The Inner Game of Tennis by Timothy Gallwey
Finally, I would like to wrap up my recommendations with some ‘philosophy of life’. I loved this book primarily because of Tennis metaphor. Being a huge fan of the sport, I could seriously relate to the ‘mental’ game that the author talks about in detail. Also, apparently this is one of Bill Gates’s favourite reads as well. Given that he is another Tennis fan, I am not surprised.
It's a profound exploration of the psychology of performance, which resonates deeply with me as an engineer. Gallwey introduces a revolutionary approach to learning and coaching that is as applicable to mastering a programming language as it is to hitting a forehand.
Gallwey starts with the premise that our minds have two selves, Self 1, the teller, and Self 2, the doer. Self 1 is analytical and often critical, constantly offering instructions and criticisms, while Self 2 is the self that actually performs the action. He argues that learning and performance are enhanced when Self 1 is quieted and allows Self 2 to operate based on the body's intuitive and natural abilities.

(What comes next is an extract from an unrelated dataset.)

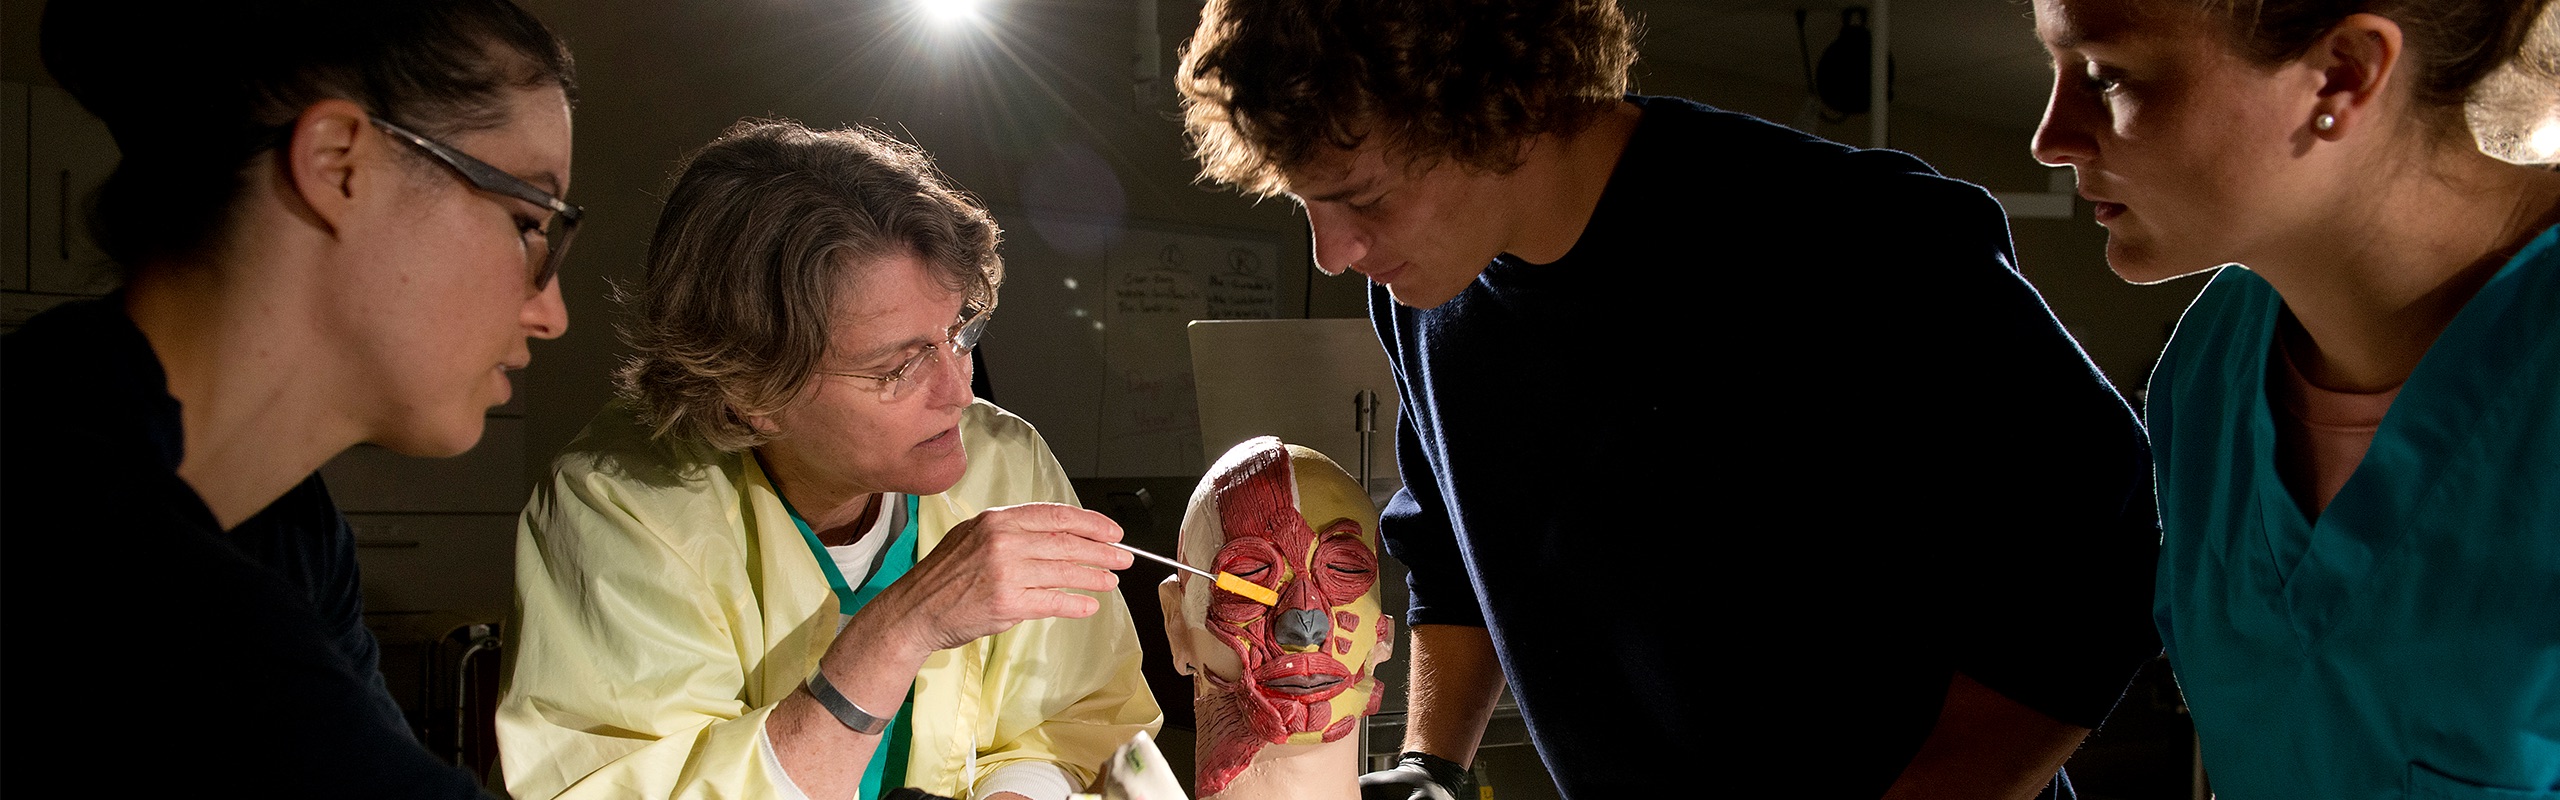 Assistant Professor of Physical Therapy Education Janet Cope works with D.P.T. students in an anatomy lab class.

A significant portion of the book is dedicated to the concept of "letting go" of judgement and the fear of failure, which leads to greater focus and a higher level of performance. Gallwey provides practical strategies for achieving this state, such as focusing on the seams of the tennis ball, which parallels focusing on the process rather than the outcome of a complex project or coding challenge.
Gallwey also delves into the concept of "trust," which involves allowing one’s own abilities to flourish without over-management. It also touches on effective coaching techniques. Gallwey advocates for coaches (or leaders) to facilitate learning by creating an environment that is conducive to self-discovery rather than instruction-heavy.
I've read the transformer and attention related chapters from Bishop. Certainly, the most accessible yet thorough explanation of the architectures I've seen around.
I'm interested in Bennett for sure. Did you enjoy it? was it pretty easy to get through? I have the bandwidth for a book like that (especially an audiobook).
I recall another tennis analogy book by Charles Ellis, on personal finance and investing. I think it's called "Winning the Loser's Game", and it's all about how you have to approach investing like you're an amateur- just try to return the ball! Pro tennis is a winner's game, but not amateur tennis.